Your assignment:
Please restate the data below word for word, omitting all images.

Data segment:
BEGIN

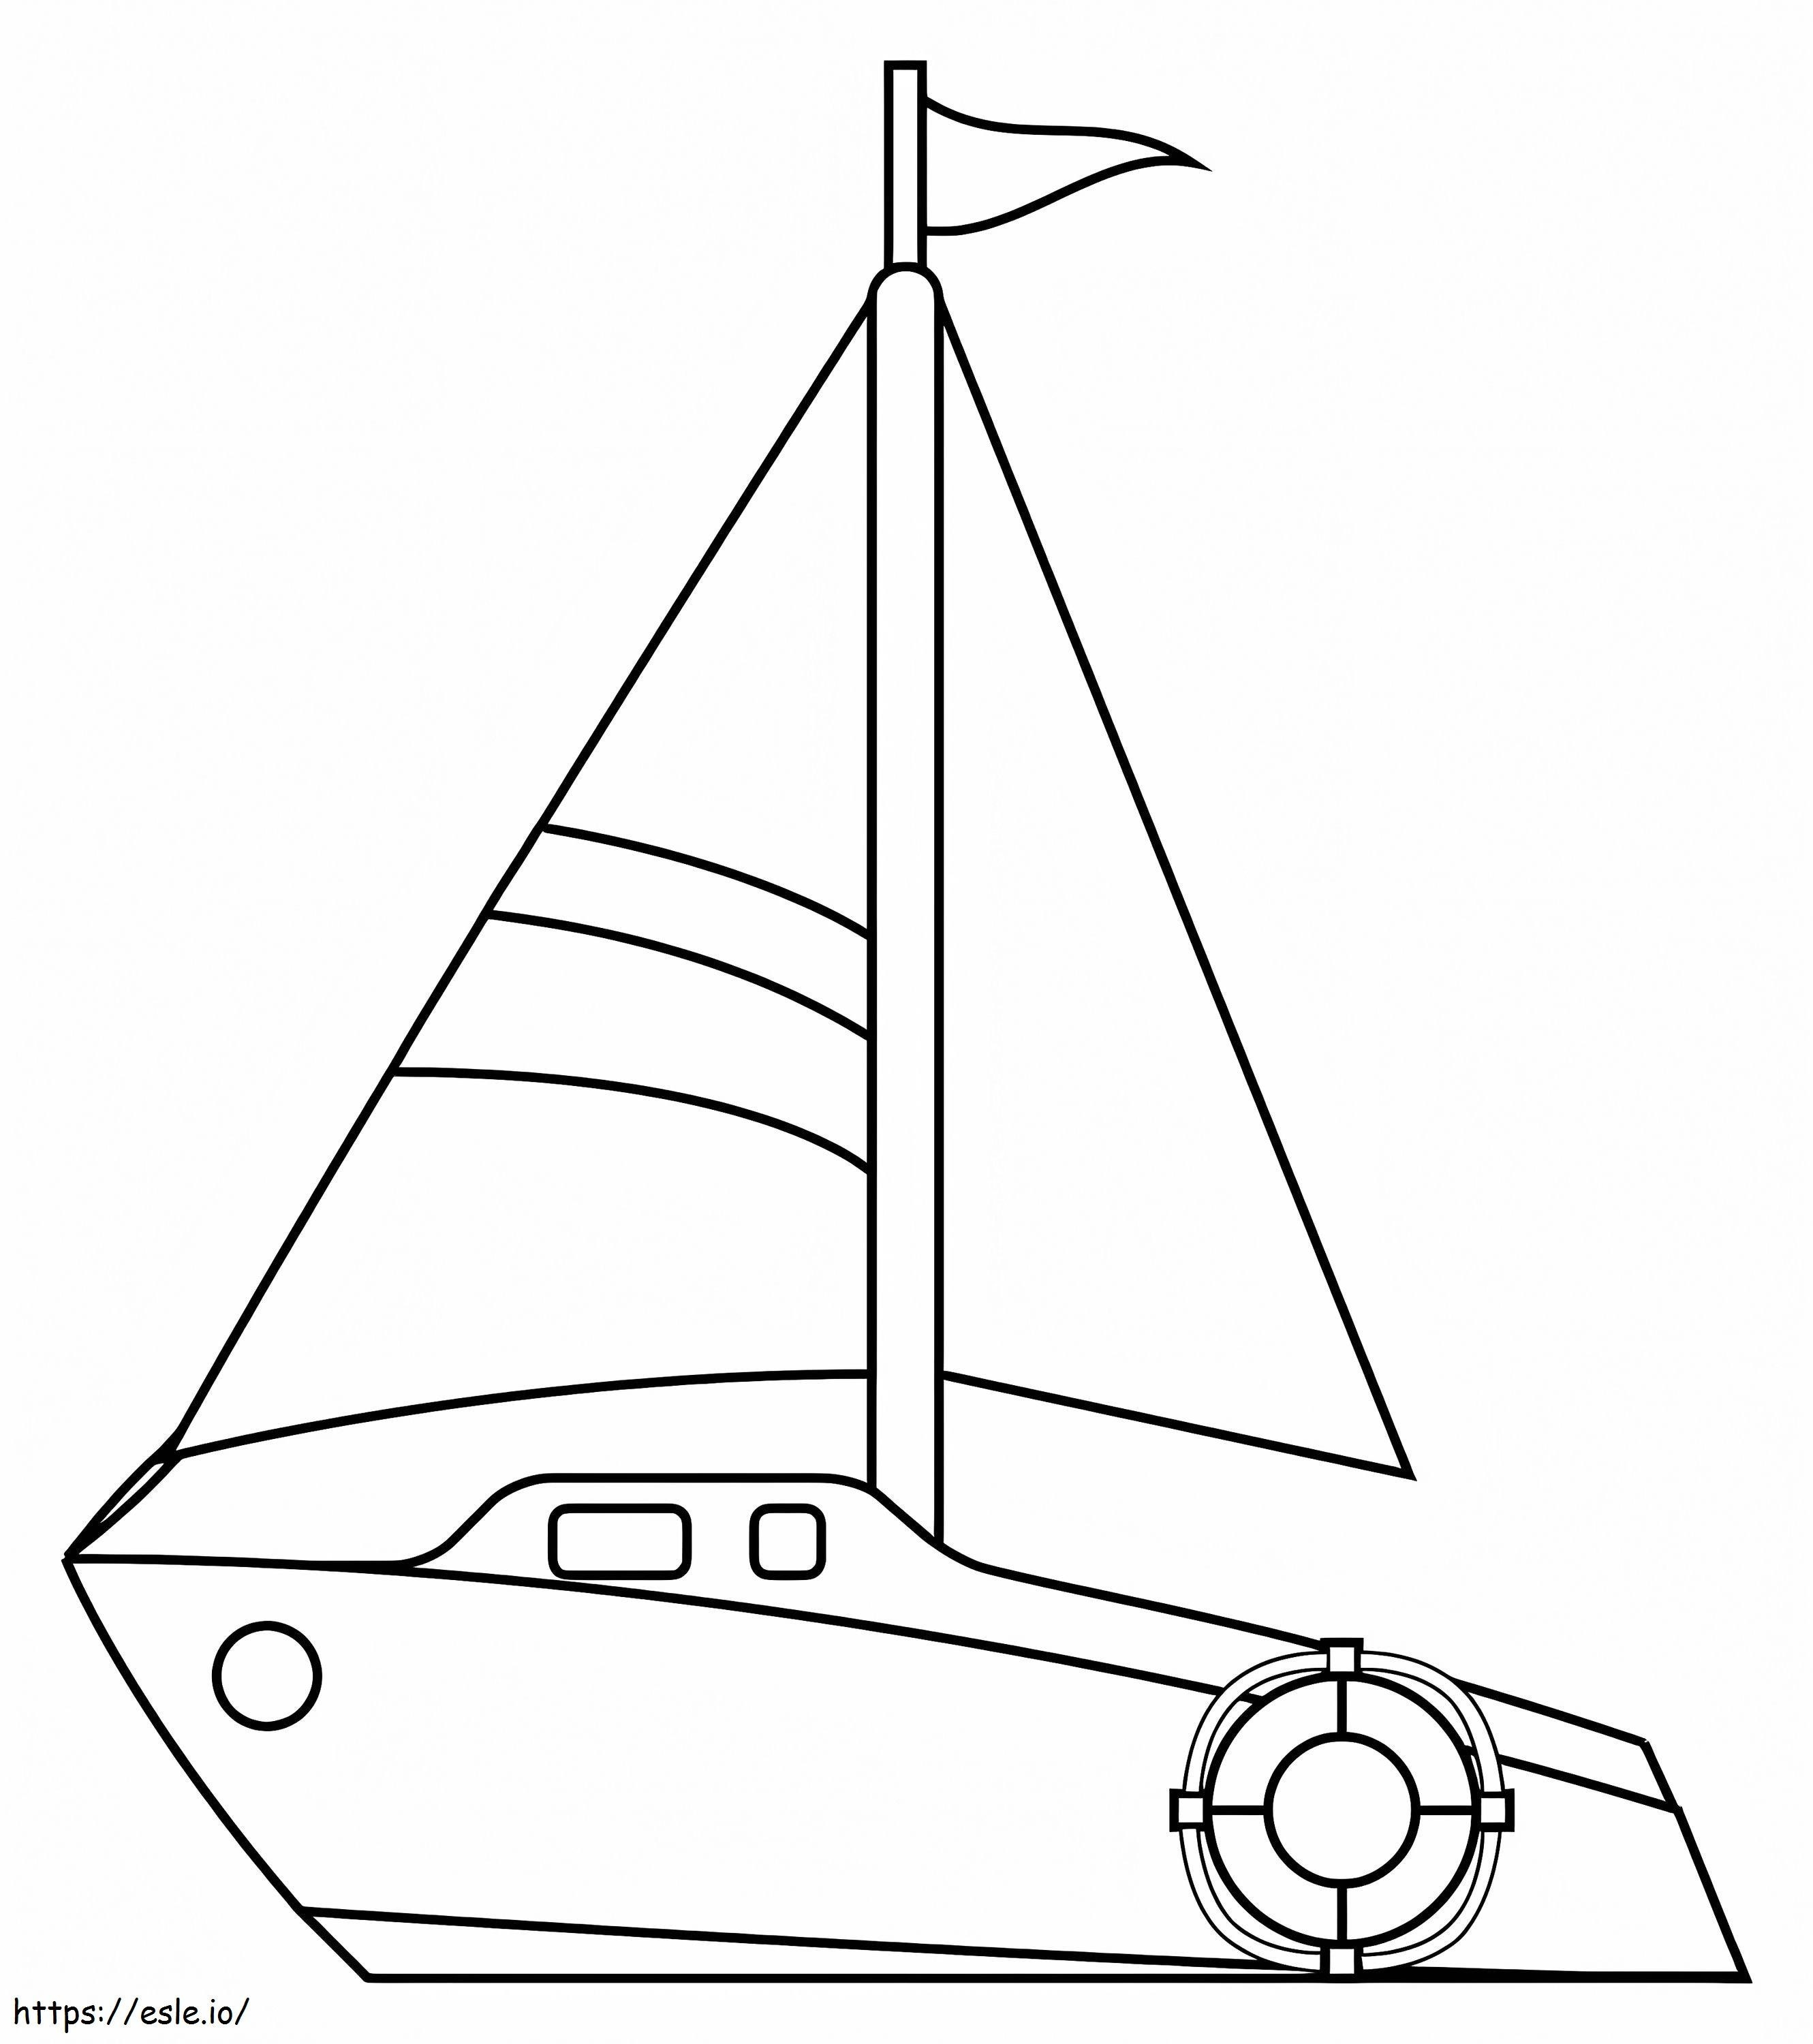 Sailboat coloring page
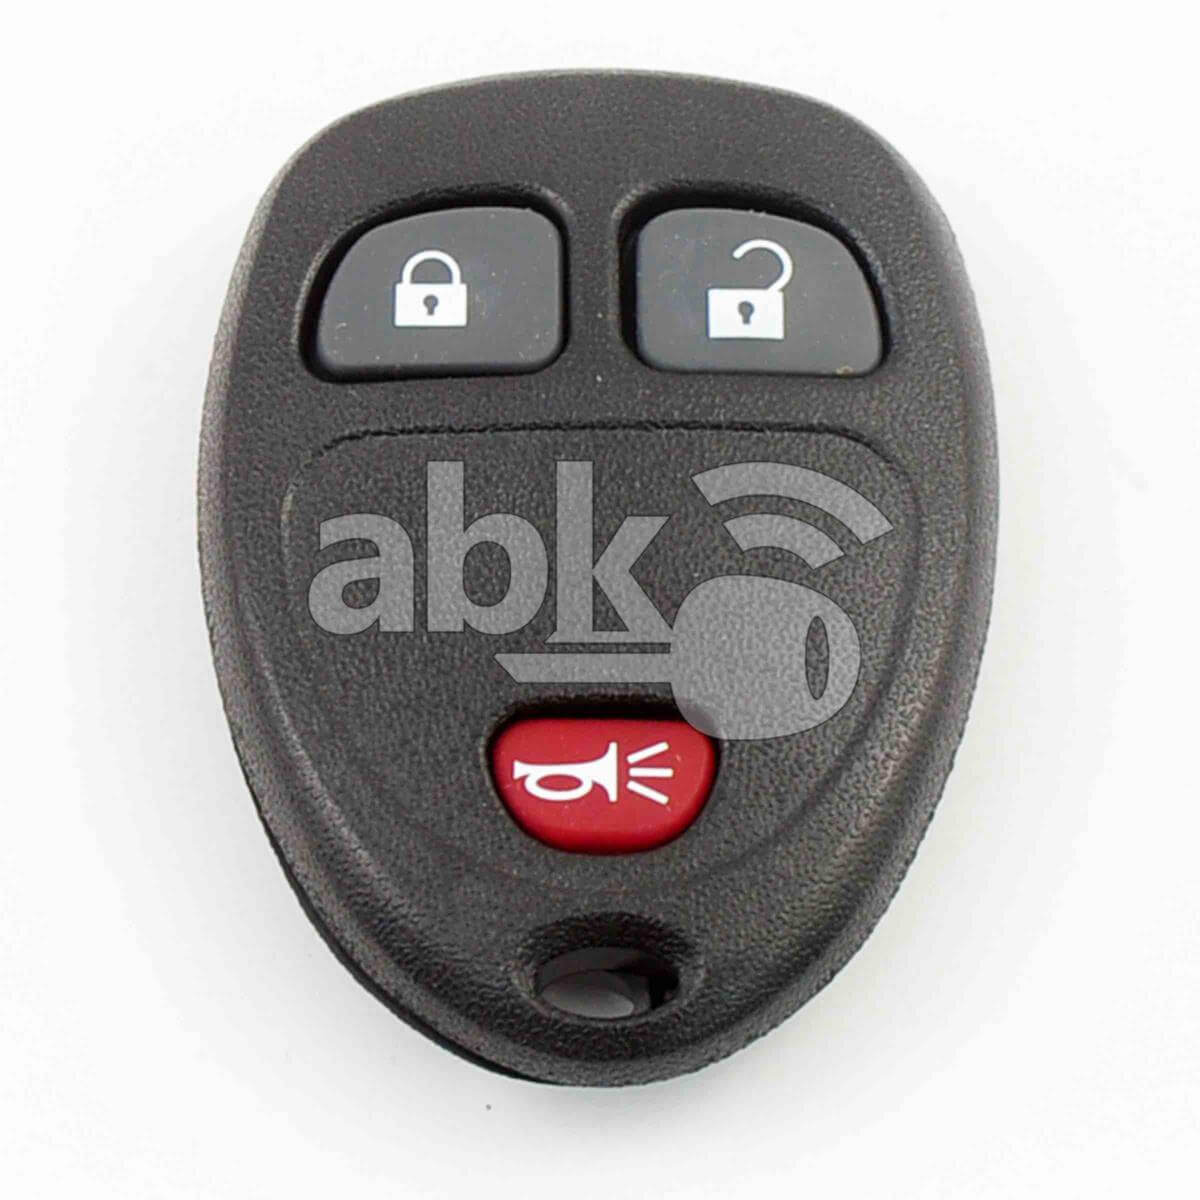 Chevrolet Gmc 2007+ Remote Control Cover 3Buttons - ABK-1157 - ABKEYS.COM
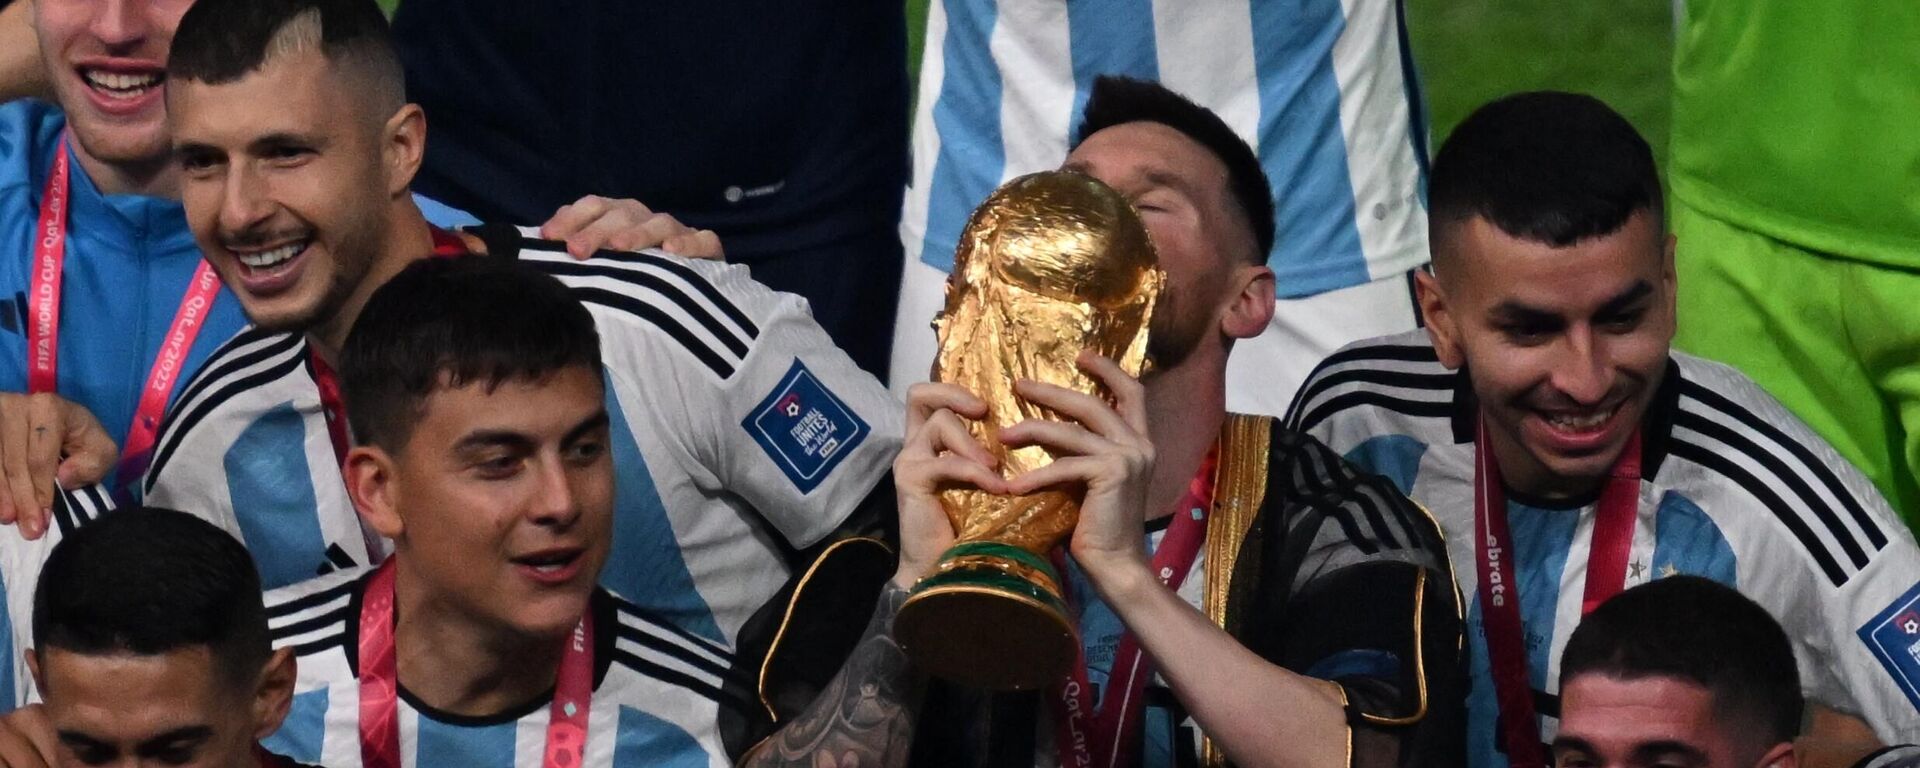 Cầu thủ Argentina Lionel Messi tại lễ trao giải cho những người chiến thắng tại World Cup bóng đá. - Sputnik Việt Nam, 1920, 20.12.2022
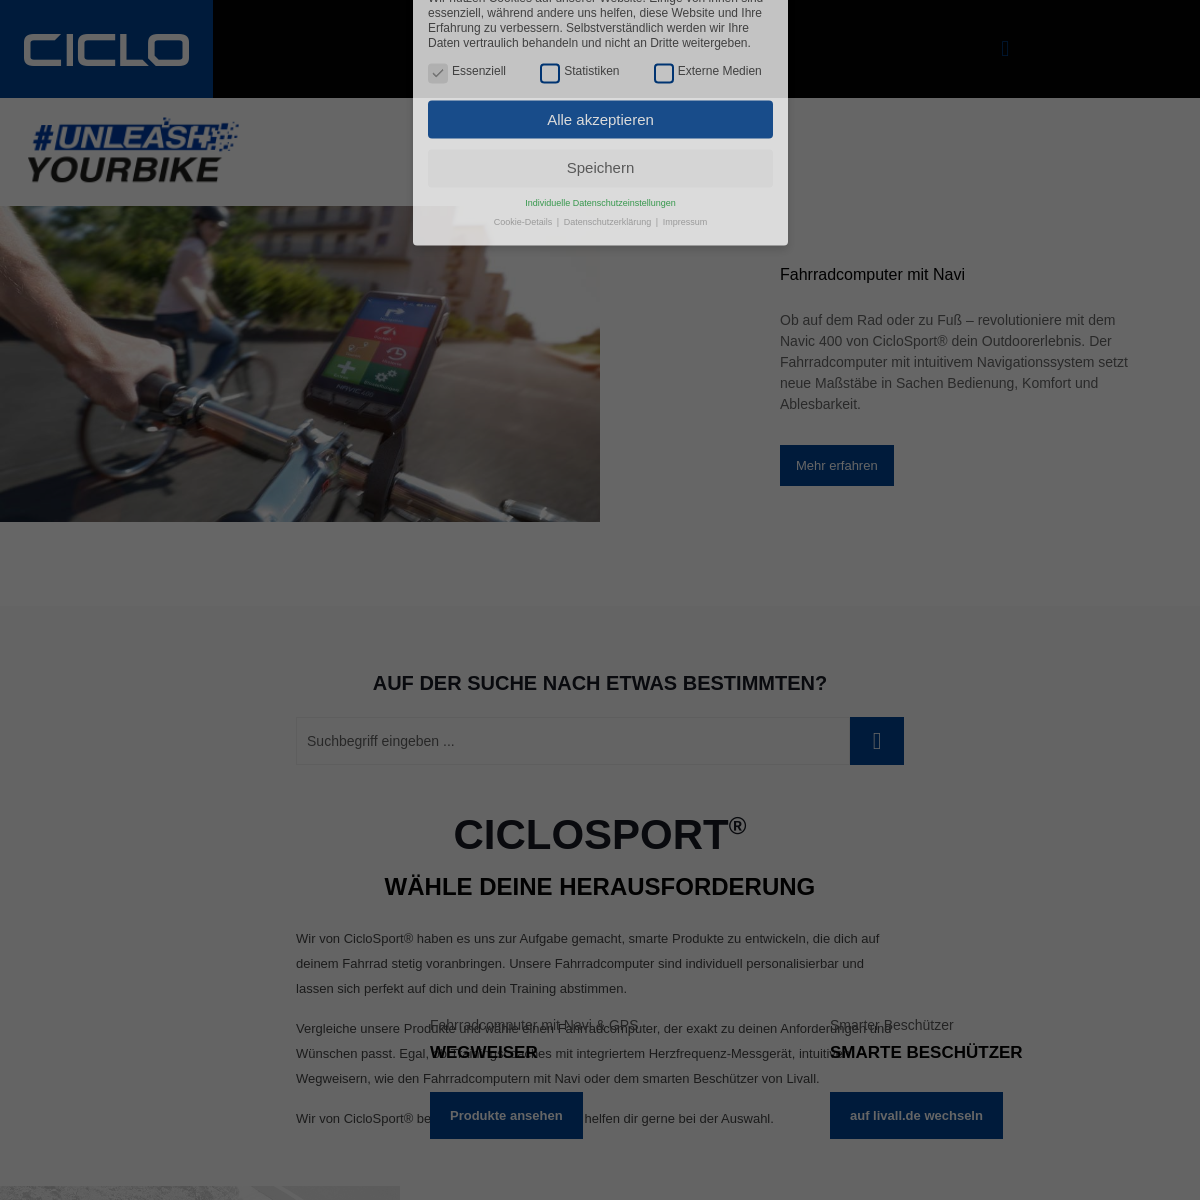 A complete backup of ciclosport.de

END

Task response:
 Sailboat coloring page
 Chevrolet Gmc 2007+ Remote Control Cover 3Buttons - ABK-1157 - ABKEYS.COM
 Cầu thủ Argentina Lionel Messi tại lễ trao giải cho những người chiến thắng tại World Cup bóng đá. - Sputnik Việt Nam, 1920, 20.12.2022
 A complete backup of ciclosport.de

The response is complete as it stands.